Leveraging OpenTelemetry to Fix Flakiness️ in Integration Tests

At Lumigo, we heavily depend on a set of tests to deploy code changes fast. For every pull request opened, we bootstrap our whole application backend and run a set of async parallel checks mimicking users’ use cases.

We call them integration tests. These integration tests are how we ensure:

New changes we want to deploy actually work
Changes aren’t breaking any existing functionality

Recently, we changed our old “traditional log traversing” of integration tests into *amazing* OpenTelemetry traces graphs like the ones below, and in this blog post, we’ll discuss why and how.

A typical integration test could look like this:

1. Signup to the product
(via the API)

2. Create temporary resources
(temporary Lambda)

3. Do something/ trigger an event — like a user would do
(invoke the temp Lambda and make it crash)

4. Expect results on the other end
(wait for insights to be outputted)

The Problem

Sometimes, the integration tests fail, and not because of the application code (the backend code), but because:

The test code isn’t robust enough (e.g. API schemas aren’t extendable)
Caching
“Race conditions” (the test checks for data before it reaches our data pipelines)
A dependent resource (e.g. temporary slack account) is flaky
- Slow response times causing Timeouts
- Returns an unexpected response seldomly
- Tokens were revoked

Whenever a test failed, we would look up the logs and try to find the problem. When the test logs weren’t informative enough, we checked the logs across all related components to search for the root cause that made our test fail. ????

I’m glad to say we found a better solution to the problem.

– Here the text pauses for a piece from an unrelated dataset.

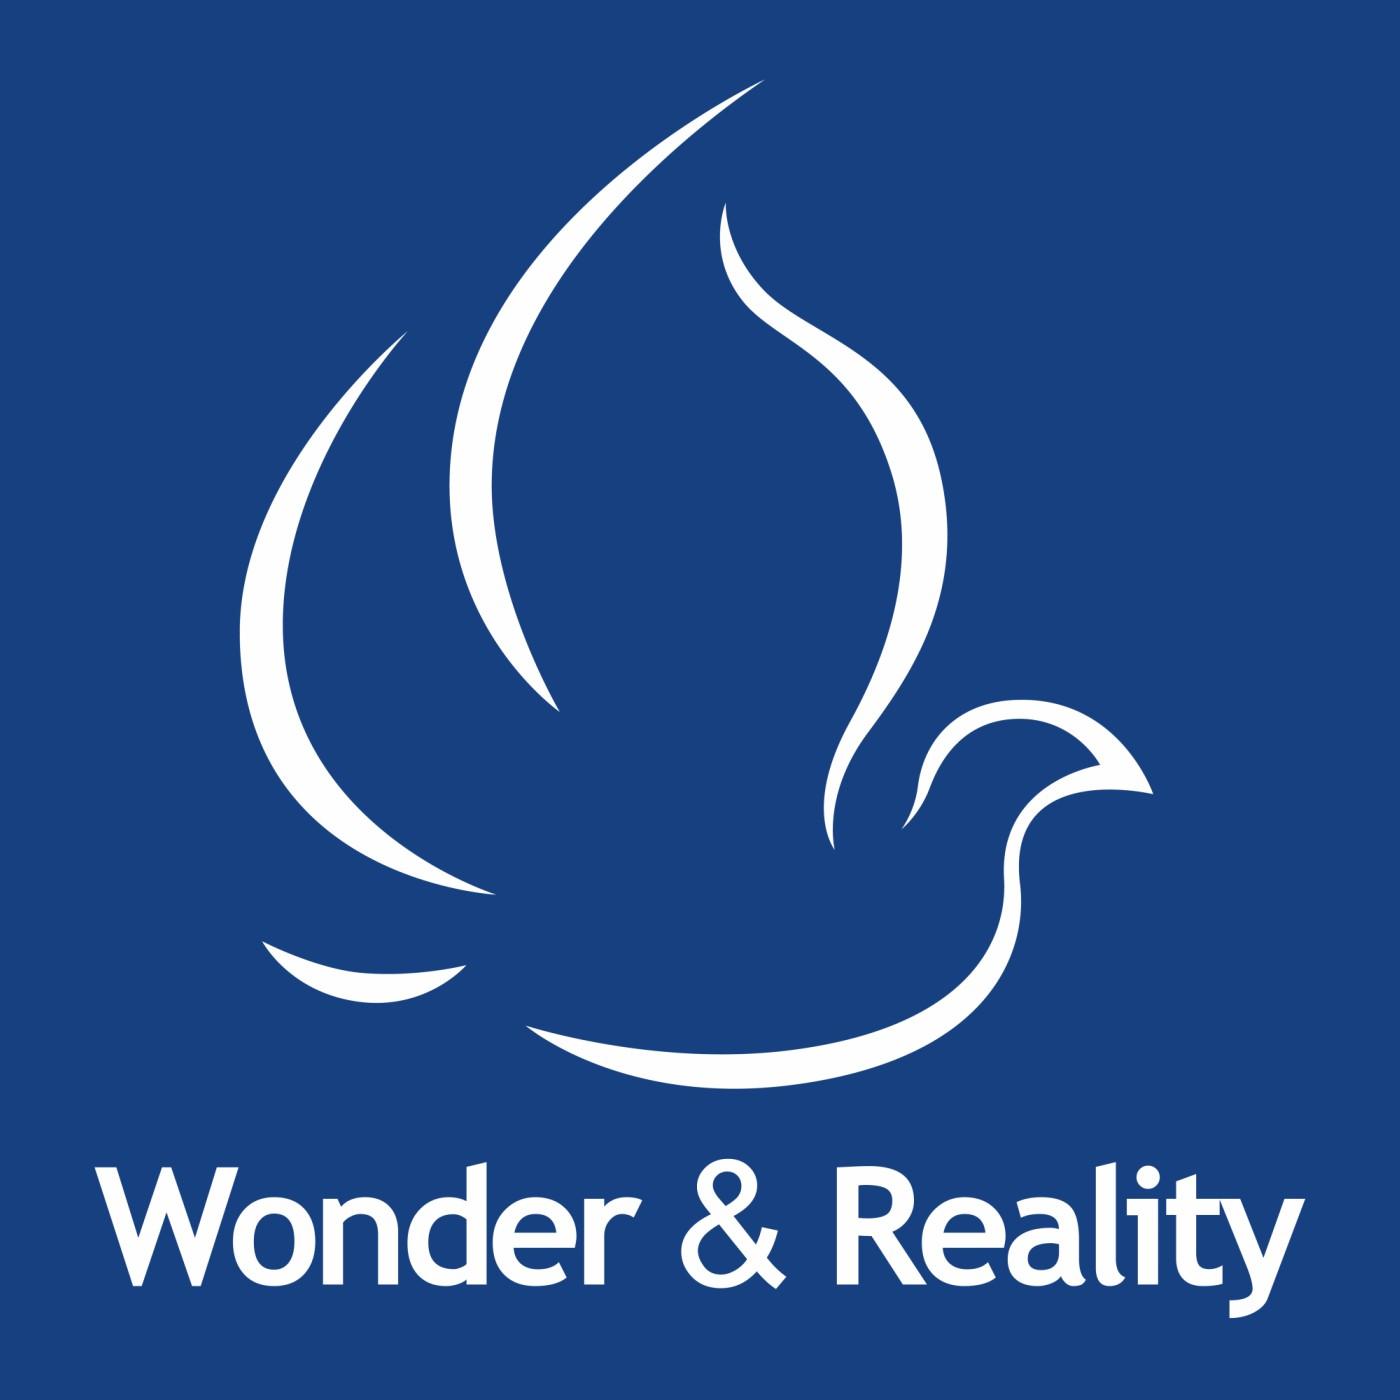 Wonder & Reality
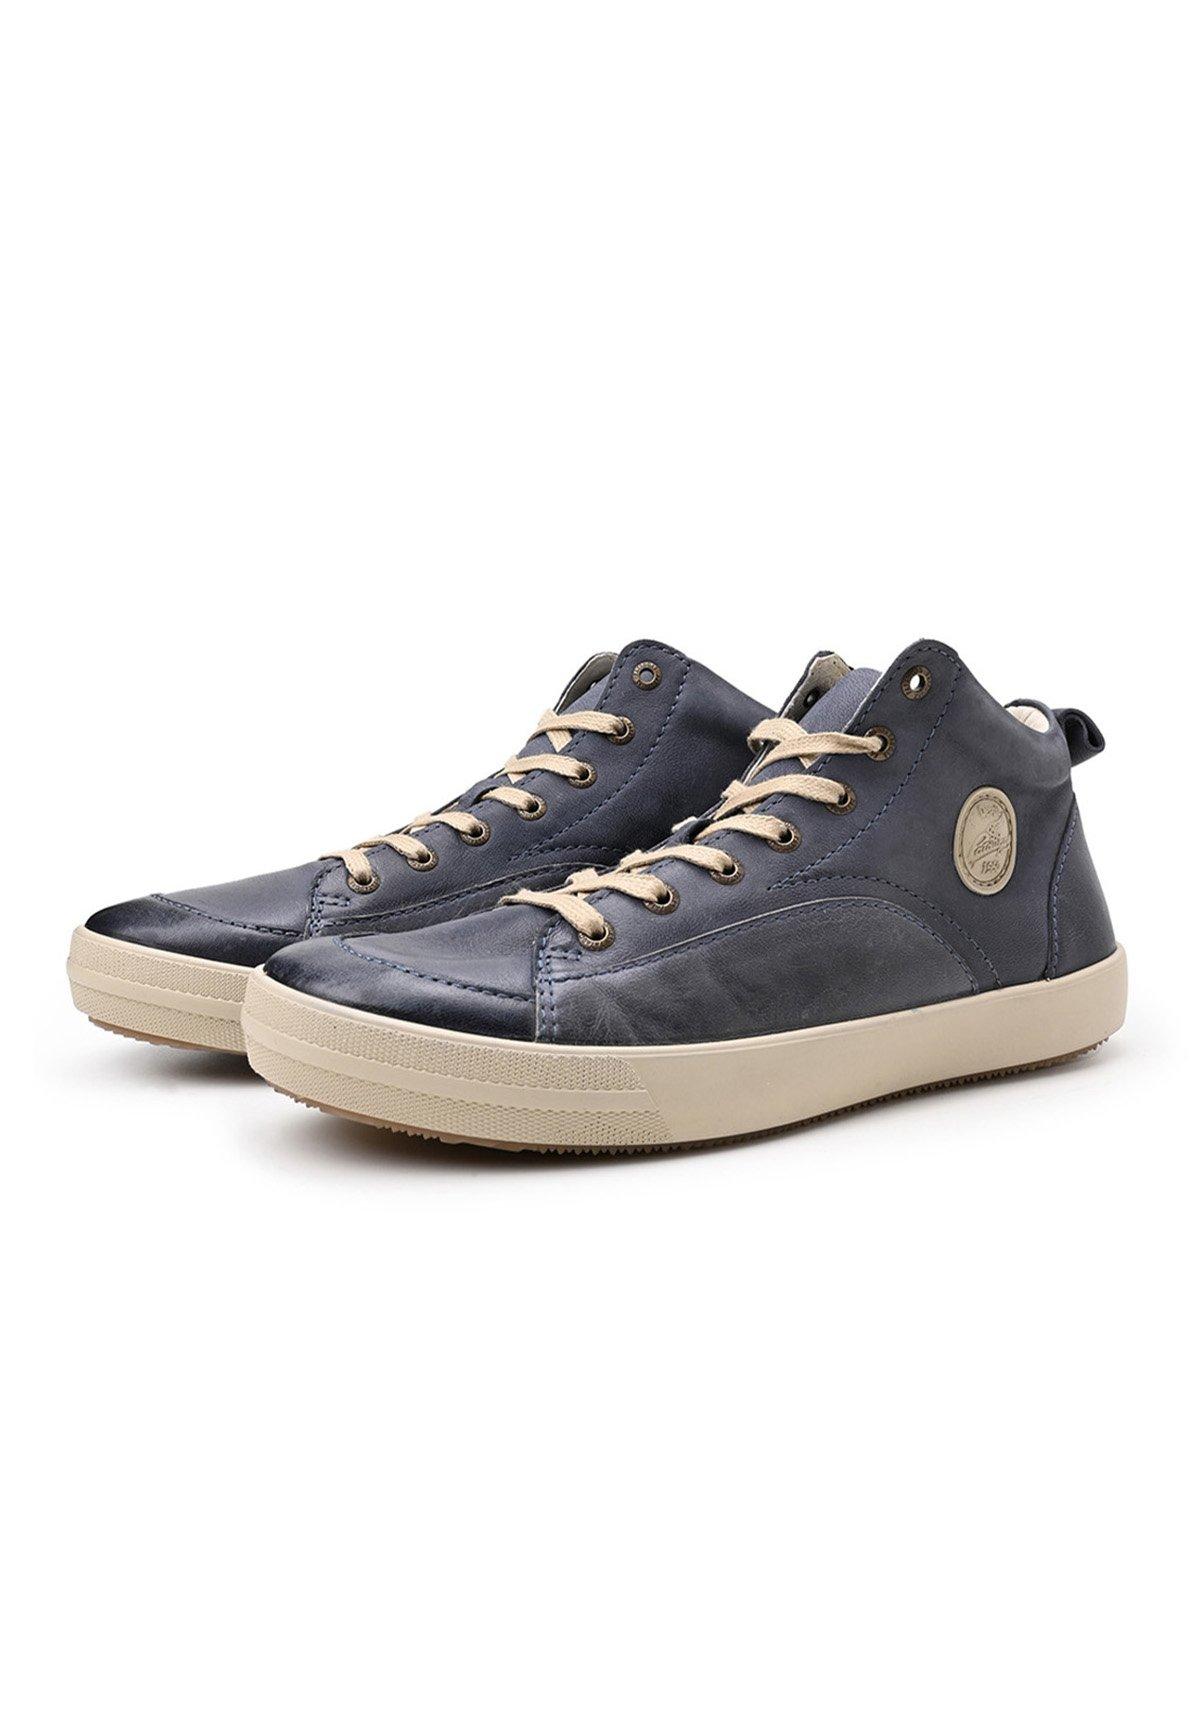 Pataugas CARLO LEATHER  - Sneaker high - dark grey/dunkelgrau - Herrenschuhe zNIMG

OpenTelemetry to the rescue

“OpenTelemetry provides a standard set of APIs, libraries, and SDKs that can be used to instrument your application code and collect data about its behavior”

https://opentelemetry.io/

OpenTelemetery (also known as OTel) is a `lego` of SDKs that gives users the flexibility to trace their app, starting from the code `instrumentors`, and `exporters` and continuing with the “backend”- `collector`, `ingestor` and a database to query the collected traces.